Sellberg, for his part, also understands the concerns -- but also believes the protocol to disallow businesses from cold-messaging users could make a better user experience.

"Many will look at Broadcast and say that it will create a poor, spam-filled, end-user experience," he says. "But I think this is an opportunity for businesses to create high-quality, end-user communication -- something that stands out and really delights."

The Cons

Not everyone is quite so excited about Messenger Broadcast.

As someone who personally uses Messenger more than Facebook itself -- primarily to avoid rogue content from Pages and individuals to whom I'm not particularly attached -- I certainly understand the concern that Messenger could morph into a new-school email inbox, of sorts.

Even the protective protocols -- the ones dictating Page administrators can only send this contact to users who have already messaged them -- are not entirely different from email opt-in rules.

What's more, it isn't entirely clear how users can "unsubscribe" from Broadcast messages, though it could be as simple as the options to mute conversations with or notifications from Pages that are already available.

Some believe we are, in a way, "going back to square one" in terms of best practices for creating and sharing content. 

"If Facebook doesn't teach people how to make valuable, non-intrusive experiences" with the introduction of Messenger Broadcast, says HubSpot Conversational Marketing Manager Connor Cirillo, "this is a disaster waiting to happen."

That's where the analogy to opting into emails becomes particularly salient.

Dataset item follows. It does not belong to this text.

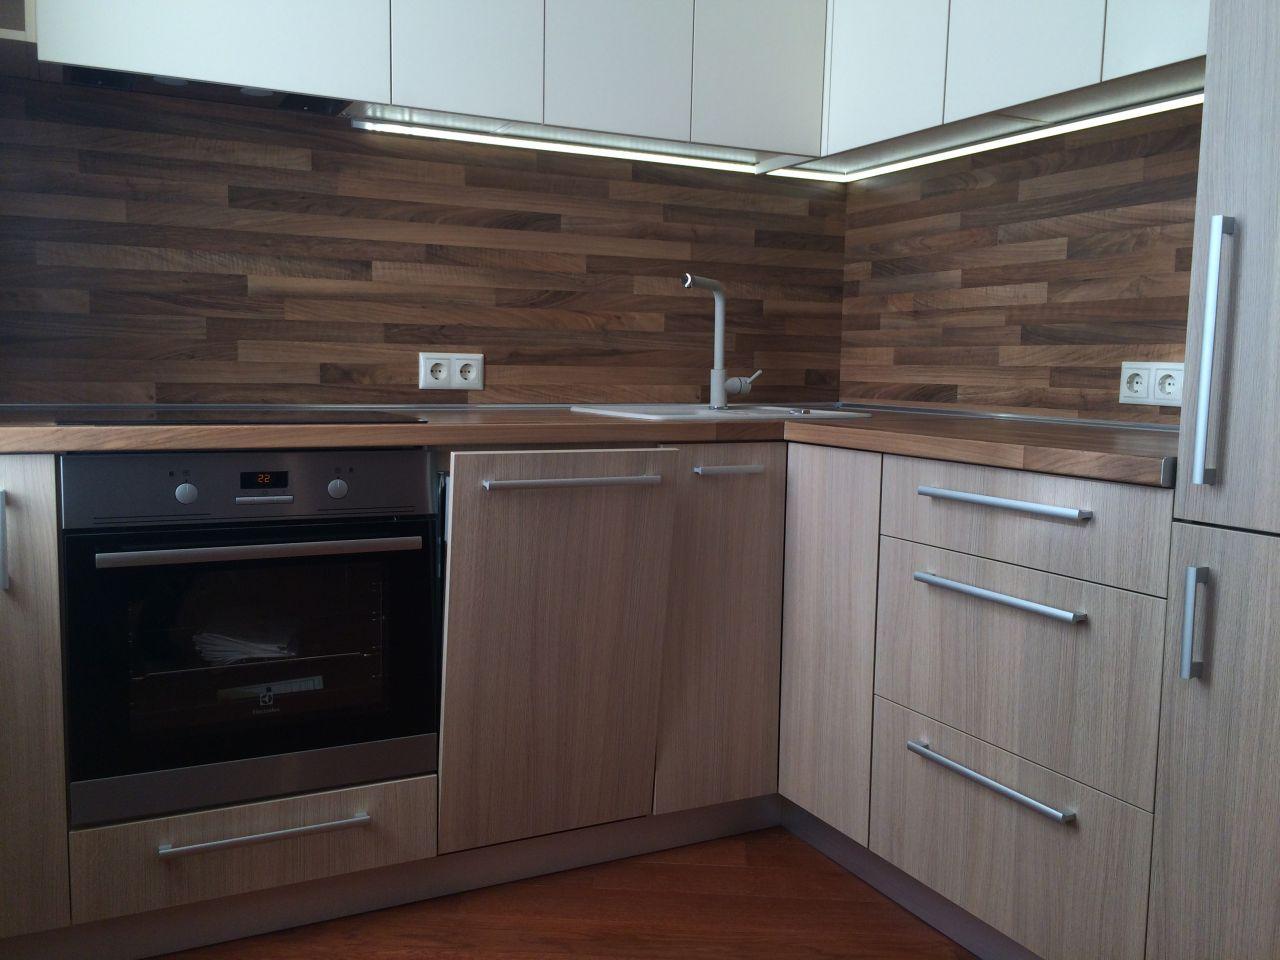 Квартира в Риге, Латвия, 60 м2 - фото 1

While users, in this case, have expressed some level of interest in communicating with the business by messaging it in the first place, that doesn't mean the future communication -- like a Broadcast -- will be contextual or valuable to that user (or group of users, since the option allows sending the Broadcast to multiple users at once).

"Messaging is intimate. As businesses, we have to respect that," says Cirillio. "If a brand doesn’t know how to chat with someone, and only knows how to talk at them, users will get turned off."

Which means, Cirillo explains, even if a user initiates communication with a Page, what it does in response might not necessarily make for a delightful experience if the content of the message isn't relevant or helpful. 

"Just because I asked the pizza place when it's open," he says, "doesn’t mean I want untargeted coupons blasted at me."

It's About Quality Content ... Again

When both sides of the argument are evaluated, the key takeaway on Messenger Broadcast is essentially the same as it is for any new medium of this kind: Content that's high-quality, relevant to the user, and helpful is the most likely to succeed. Even with the cons in mind, if brands using this service can figure that out -- they're more likely to see better results.

And that, says Sellberg, might serve as a barrier to entry for brands who aren't quite ready to use this feature -- for the business and the user alike.

"Plainly, I don’t think marketers who haven't leveraged Messenger at all will not use this tool," he explains. "However, even if they do, they can only Broadcast to those who have messaged them first," which could minimize the intrusive nature of any messages they send.

Because the feature is in its earliest stages, how or if this ultimately plays out has yet to be determined.